A journey into the thought and history of Steve Reich: Conversations (Hanover Square Press, 2022) on #neuguitars #blog #SteveReich
A surprising, enlightening series of conversations that shed new light on the music and career of “our greatest living composer” (New York Times)
Years go by for the pioneers of minimalism and it is equally inevitable that memories flow and that they wish to be collected and sorted. Equally inevitable, therefore, appear the autobiographies, John Adams wrote “Hallelujah Junction”, Philip Glass “Words Without Music”, both translated into Italian. Steve Reich was missing, but he seems to have taken advantage of the forced break due to Covid precisely to be able to put his memories in order, and as is his habit for his music, making it his way. As it was once said on the radio, for those who have only tuned in now, we remember that Steve Reich is a living legend in the world of contemporary classical music. As a leader of the minimalist movement in the 1960s, his works became central to the global music landscape, influencing generations of young musicians, choreographers and visual artists. An omnivorous and attentive observer, he explored non-Western music and American popular music from jazz to rock, creating groundbreaking music and video installations. He has traveled the world with his he ensemble and his compositions are performed internationally by leading orchestras and ensembles. Instead of writing the classic autobiography, Reich preferred to tell himself more indirectly by choosing to publish a series of conversations he had with some friends, nineteen to be precise, all past collaborators, fellow composers and musicians, as well as visual artists influenced by his work for reflect on his prolific career as a composer and the music that inspired and was inspired by him: David Lang, Brian Eno, Richard Serra, Michael Gordon, Michael Tilson Thomas, Russell Hartenberger, Robert Hurwitz, Stephen Sondheim, Jonny Greenwood, David Harrington
Elizabeth Lim-Dutton, David Robertson, Micaela Haslam, Anne Teresa de Keersmaeker, Julia Wolfe, Nico Muhly, Beryl Korot, Colin Currie and Brad Lubman.
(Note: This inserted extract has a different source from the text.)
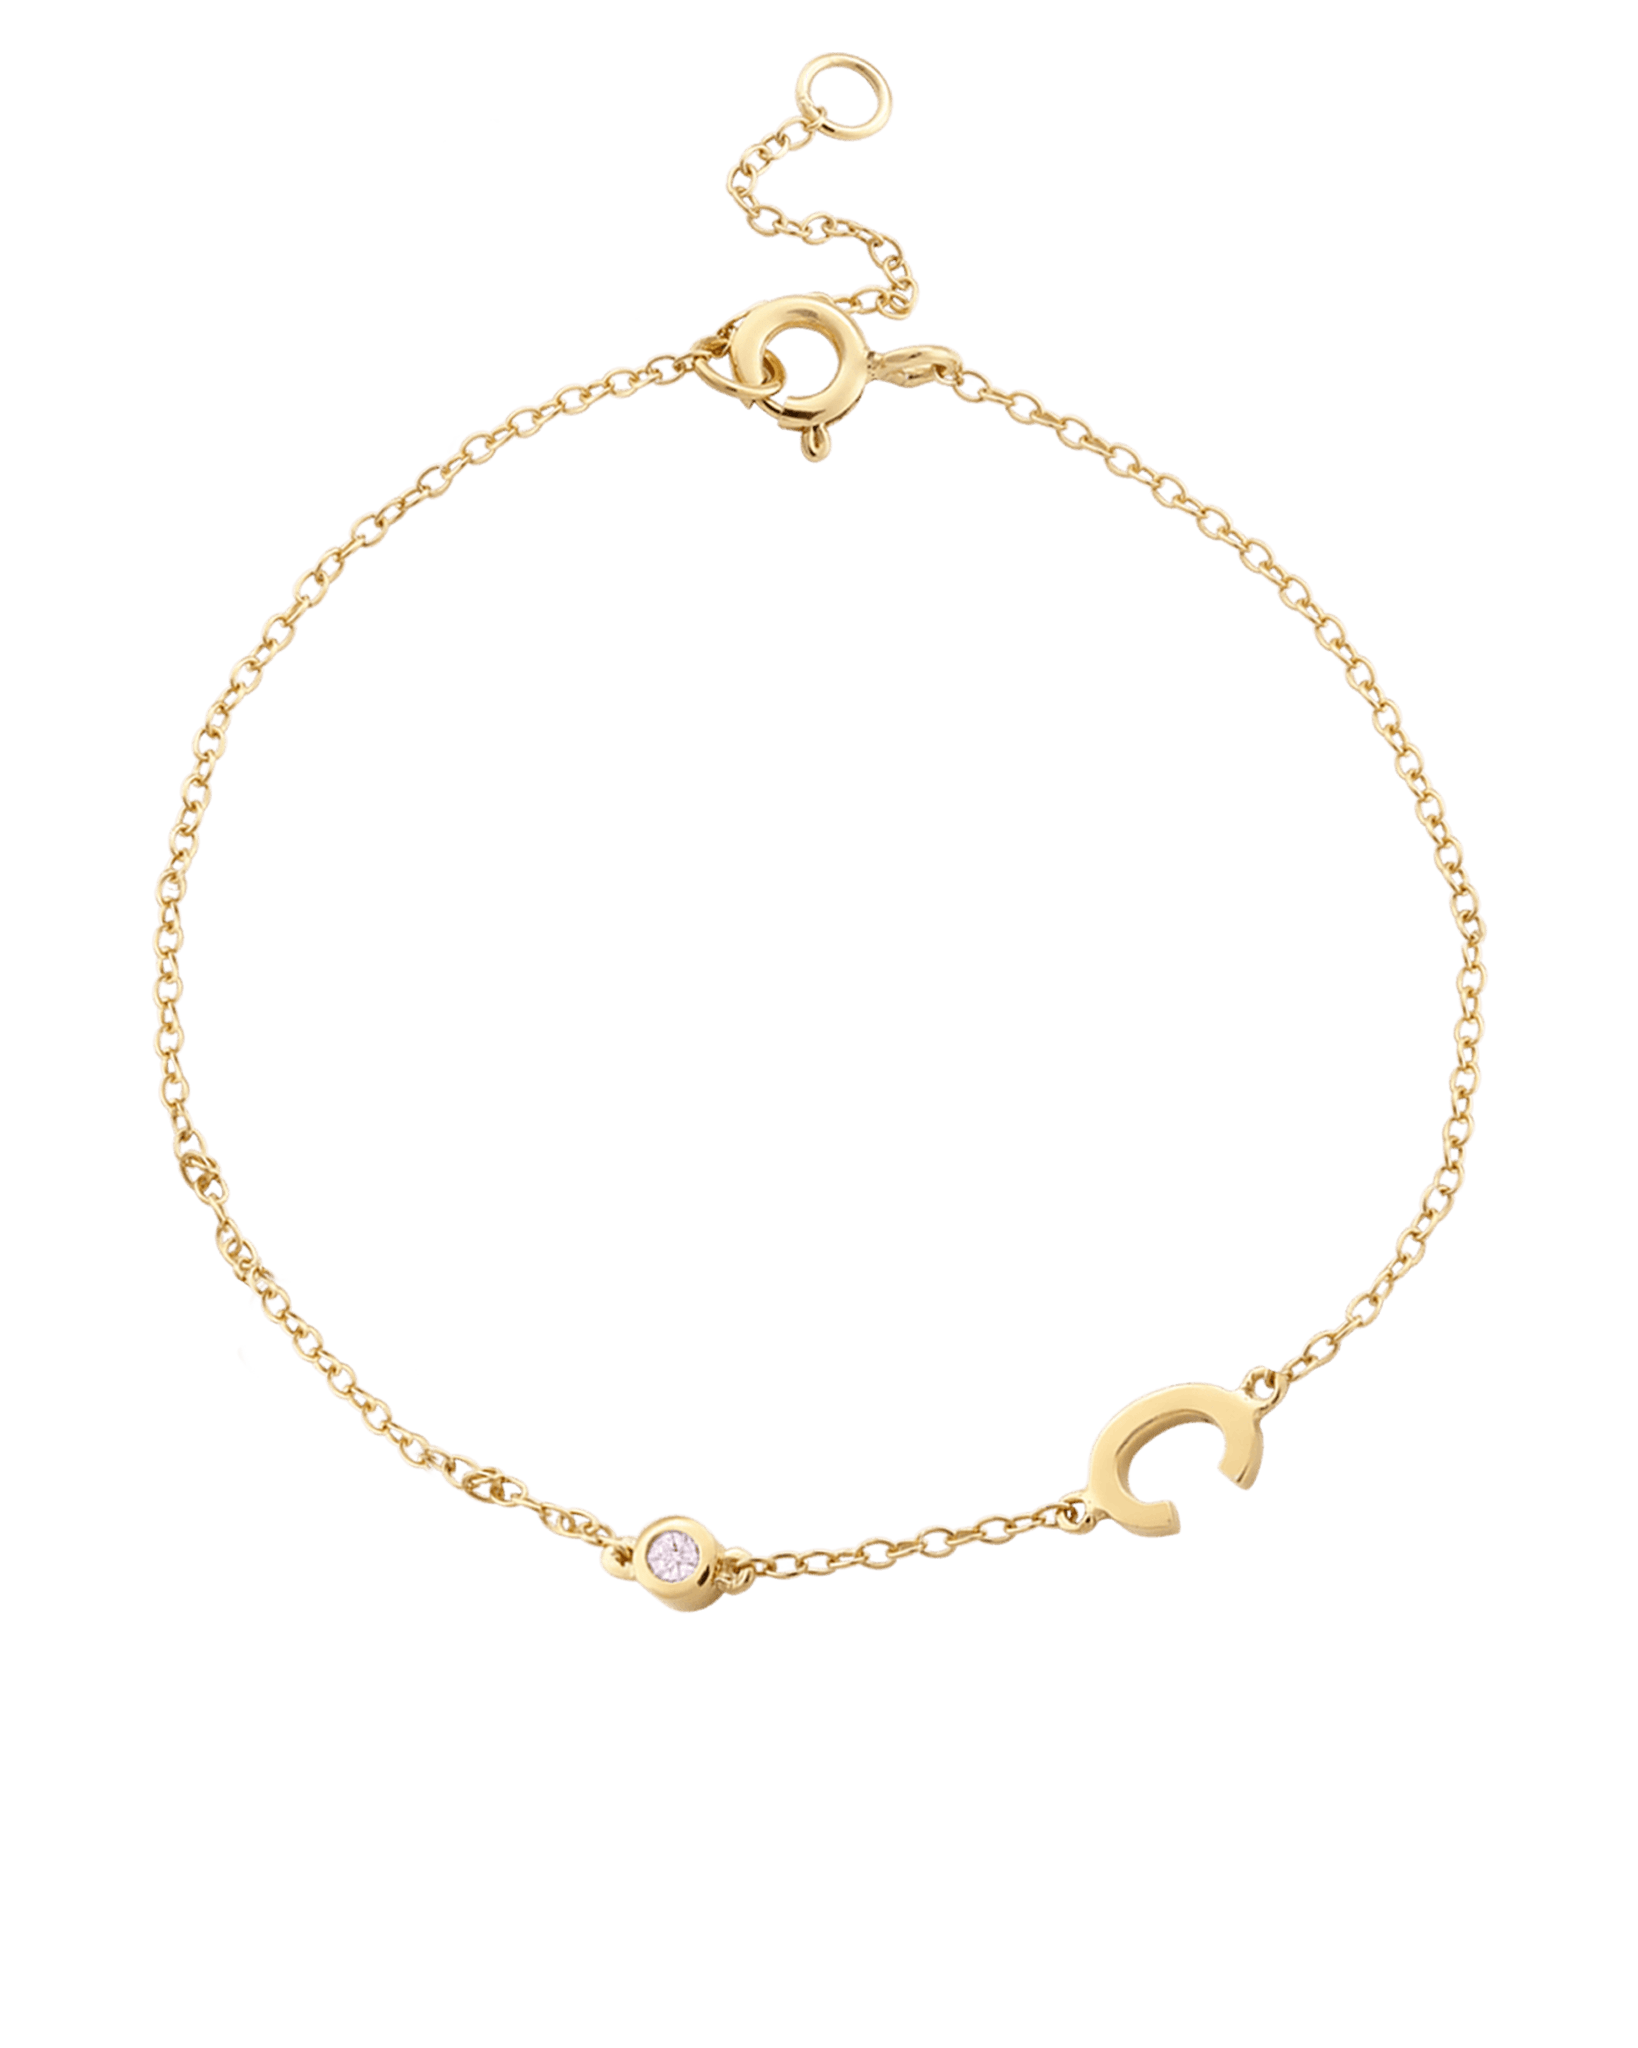 The Initial Bracelet with Diamonds - 14K Yellow Gold Bracelets magal-dev 1 Initial + 1 Diamond 6"-7" (S-M wrist)

Due to Covid-19, most of the conversations were conducted via Zoom in 2020 and 2021, the topics vary, but they always focus mainly on music, almost completely leaving out Reich’s private life.
For example, with Brian Eno and Jonny Greenwood, Stephen Sondheim and choreographer Anne Teresa de Keersmaeker, Reich explores his musical innovations in compositions such as It’s Gonna Rain, Drumming, Electric Counterpoint and Music for 18 Musicians, all featuring long and rhythmic arrangements. repetitive, deconstructions of words and instrumental motifs. Topics covered include the influence of Reich’s teachers and collaborators, Manhattan’s minimalist music scene in the 1960s and 1970s, the complexity and difficulty of rehearsal sessions, and unpredictable audience reactions. With Richard Serra, the founder of the Kronos Quartet David Harrington and composer Julia Wolfe we return to It’s Gonna Rain, Electric Counterpoint and Double Sextet, 2009 Pulitzer Prize for music.
Not all conversations reach the same highest level, the best is achieved, for me, when there is genuine dialogue between the composers, such as when Reich and Stephen Sondheim discuss similarities in their work during a 2015 moderate chat (“we share a fondness for the same harmonic structures, ”Sondheim says) or when Nico Muhly describes the ways in which Reich’s Music for 18 Musicians and a motet by William Byrd influenced his” No Uncertain Terms “. Conversations in which little is learned about the other participant’s work lack the depth of the other exchanges, but even there, however, reading the chatter is thrilling. Reich’s fans will develop a greater appreciation of his music, deepening their knowledge of his music based on tape loops and phase shifting, counterpoint and the composers who inspired him. Newcomers will discover an eclectic composer who drew from as disparate sources as electronic devices made at Bell Labs in the 1960s and the music of 12th-century French composer Pérotin to create the hypnotic Four Organs. Conversations with conductors Michael Tilson Thomas and David Robertson are particularly rich due to their enthusiasm, expansiveness and depth of technical detail, especially when Robertson talks about conducting Tehillim, Desert Music and other songs and Thomas discusses the public uprising during the performance of Four Organs at Carnegie Hall in 1973.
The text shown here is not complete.